The Goodyear Blimp inside the hanger in Akron, OH.
Last month, LGD co-founder Paul Eide spent a weekend in Akron, OH during a brand immersion with one of the best brands on earth, Goodyear.
Branding isn’t as simple as spending a couple hundred dollars on a logo and saying, “VIOLA – check out my new brand!”
As the term and idea of branding have become more popular than ever, that means that even less people and organizations are doing it correctly. The ones that do are the most successful organizations in any industry.
What defines any brand are the small, meticulous decisions made day-to-day amongst everyone in the organization. And, most importantly, 100% buy-in from everyone involved with the brand in any way. From the CEO to the cleaning staff.

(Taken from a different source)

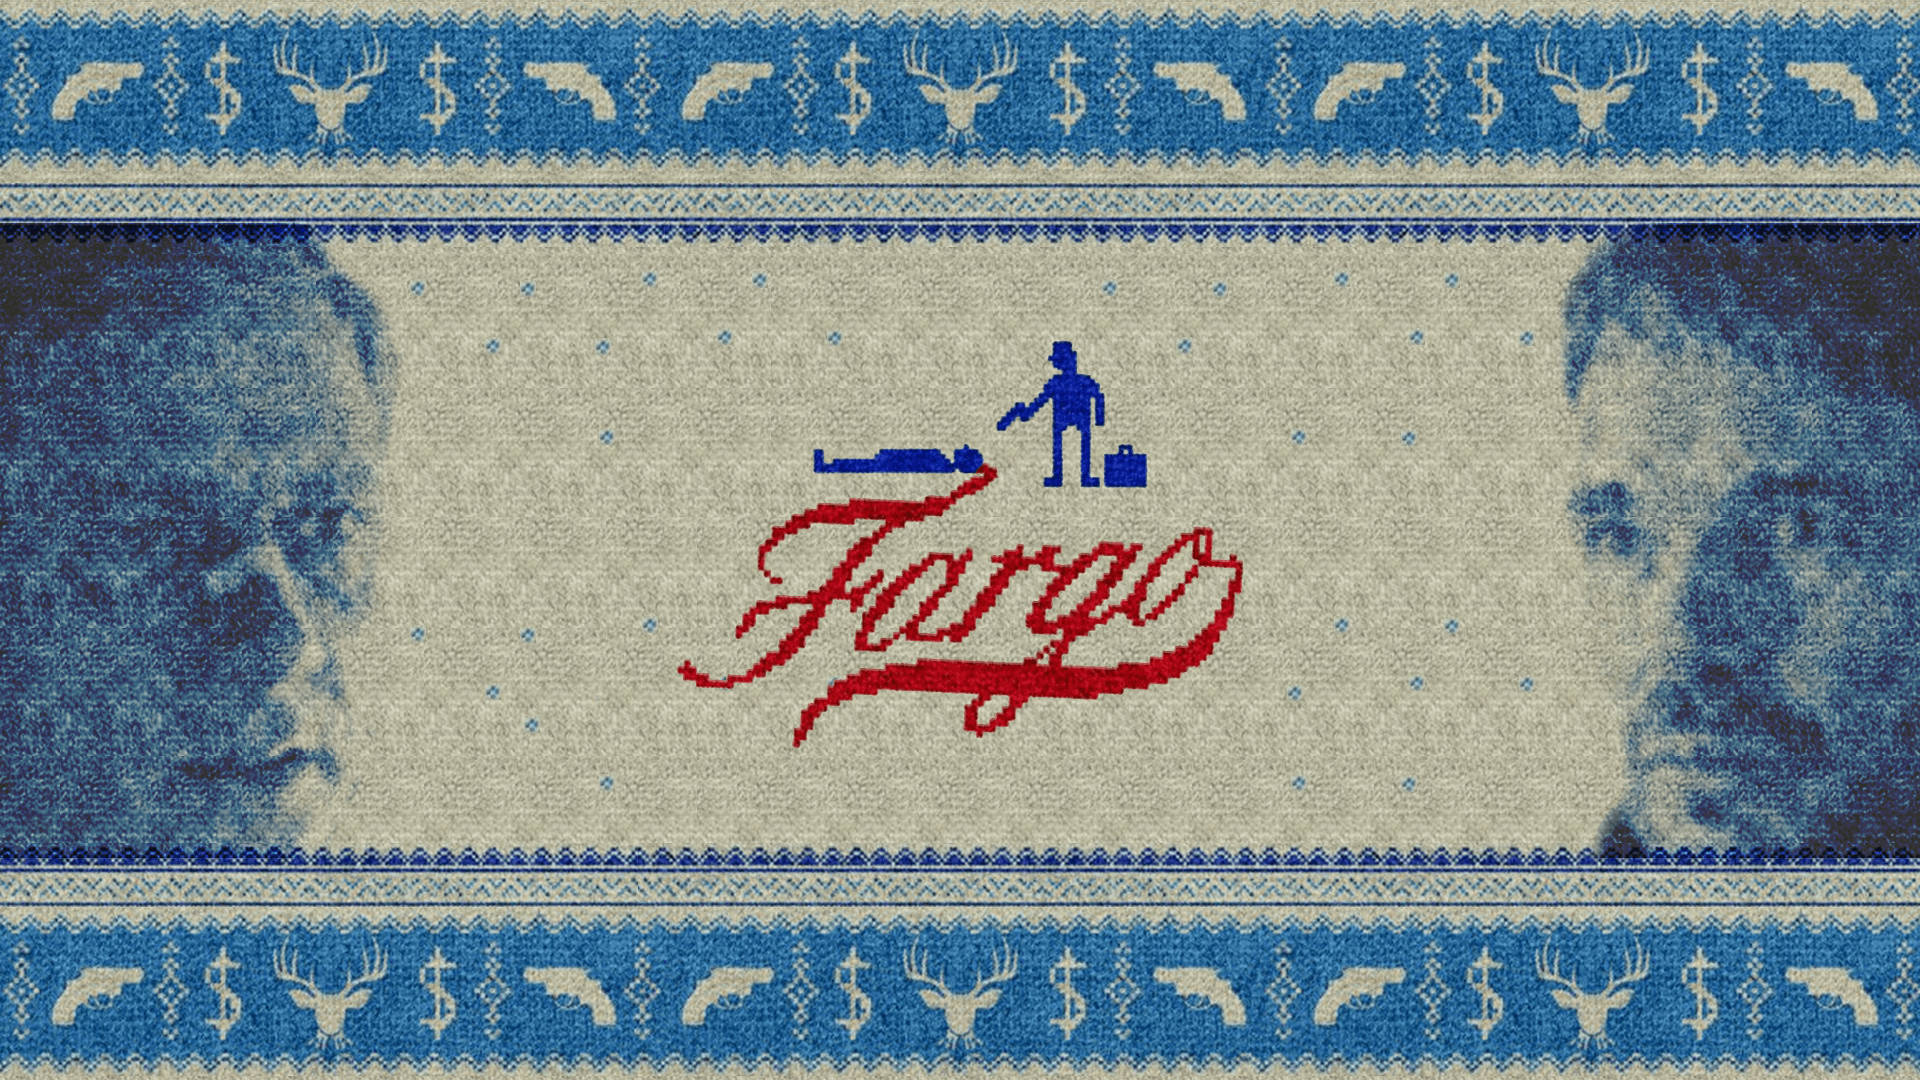 Designdel Poster Inquietante Dalla Celebre Serie Fargo Sfondo

A successful, well-run brand has a clear outline of expectations and procedures. Typically these are called “Brand Standards.” Brand standards are a literal document that outlines voice and tone of written communication, to correct and incorrect logo usage. Here is an example of one we devised for our client, Zak Family Foods.
When I went to the Goodyear company headquarters in Akron, OH, the first stop was a conference room where key executives (the North American Marketing Director, American CEO, etc.) gave a PowerPoint presentation saying the same things you’d hear any big company say – our employees are our most important asset, no single part is greater than the whole, and no one person is more important than anyone else.

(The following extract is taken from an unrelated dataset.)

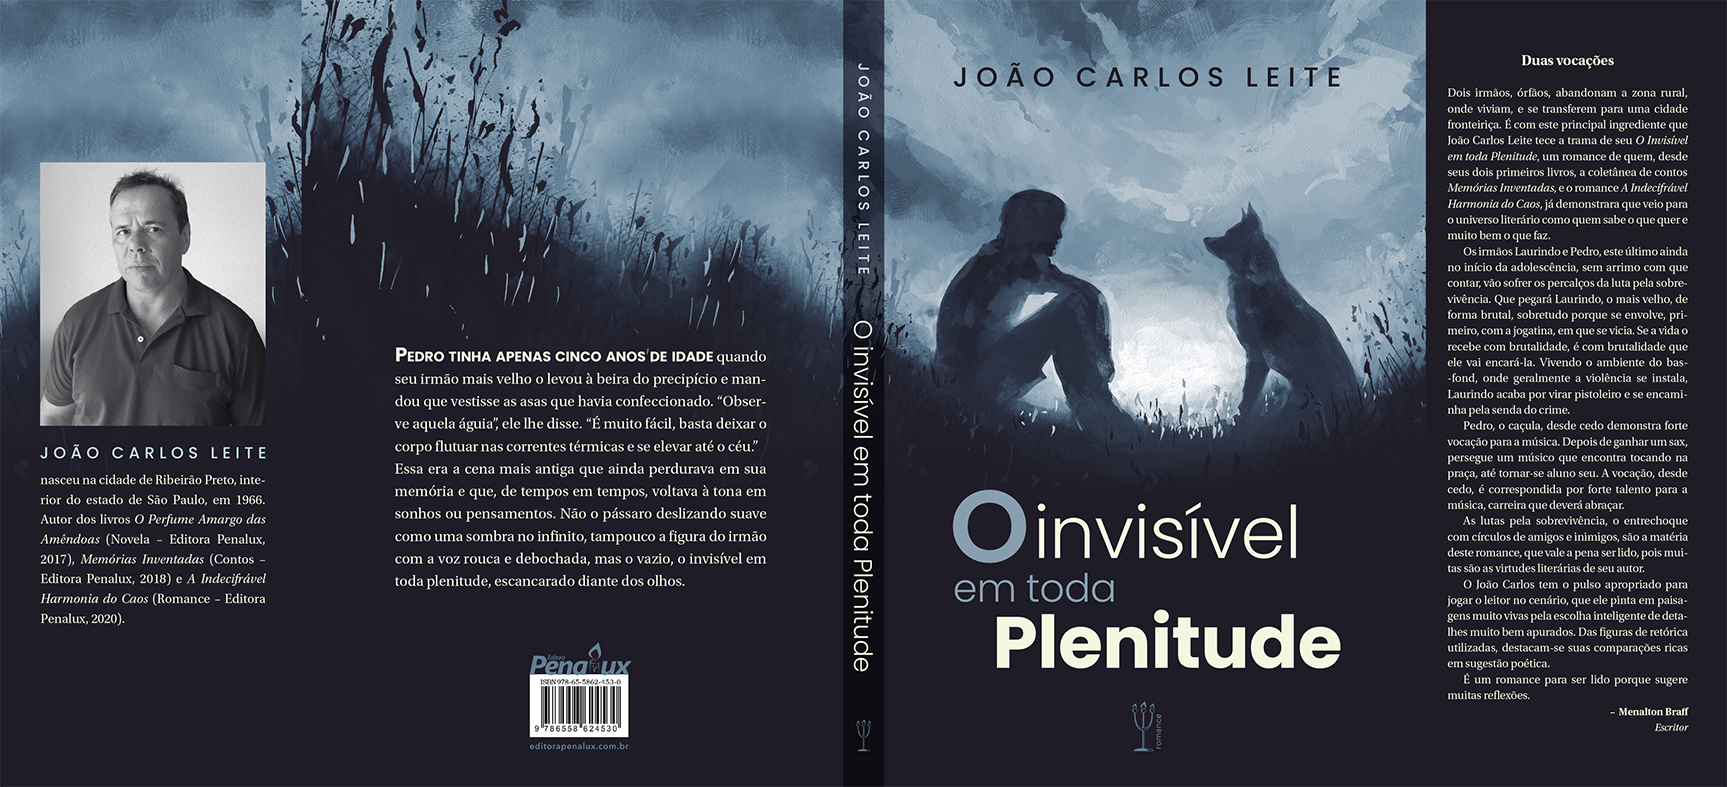 José Carlos Leite - Fernando Andrade entrevista o escritor João Carlos Leite sobre o livro 'O invisível em toda plenitude'

All of these things could easily be construed as lip service. But then we went on a full factory tour, where the rubber met the road, you might say. And you could see why they’ve been in business since 1898.
Nothing was out of place. Not a speck of dirt anywhere. Safety precautions for the assembled media and employees was rigid.
The employees at each station took legitimate pride in their work; you could feel it as they explained their roles within the company. From the guy whose job it was to manually watch each tire roll through the x-ray machine for any defects, to the woman who made sure each tire had the right amount of pressure, by hand.
Goodyear is the official tire sponsor of NASCAR and every tire is made by hand. There is so much pride in the work, plus accountability, that each tire has a name plate of the tech who assembled their tire inside.
The logo is an extension of a brand. It should be a visual representation of what the brand is, and what it is like to work with. In one glance, people should feel compelled to work with you. Or not!
The Goodyear logo is one of the most recognized logos in the world. There are over 100 variations based on usage. Even over many iterations, the brand equity is maintained and each has the same feel. That is no accident, completely intentional.
And what is more recognizable than the Goodyear Blimp? Not much. The express purpose of the blimp’s existence is marketing. Based on being present at almost every major sporting event, a partnership between Goodyear and various networks to provide live in-game footage.
Speaking of the blimp, I’d be remiss if I didn’t share this pic of me and NASCAR legend Ray Evernham enjoying the plush interior accommodations.
Here’s a link to experience the lift-off for yourself.
So what’s the point of this blog post? The best brands are the best brands for a reason – they live what their vision is at all times, in every decision, even the “mundane” ones. They have a clear vision of their strategy and live it every day.
And if they don’t, the brand fails, gets fragmented, or at the very least fails to deliver on the brand promise that reeled consumers and fans in, in the first place.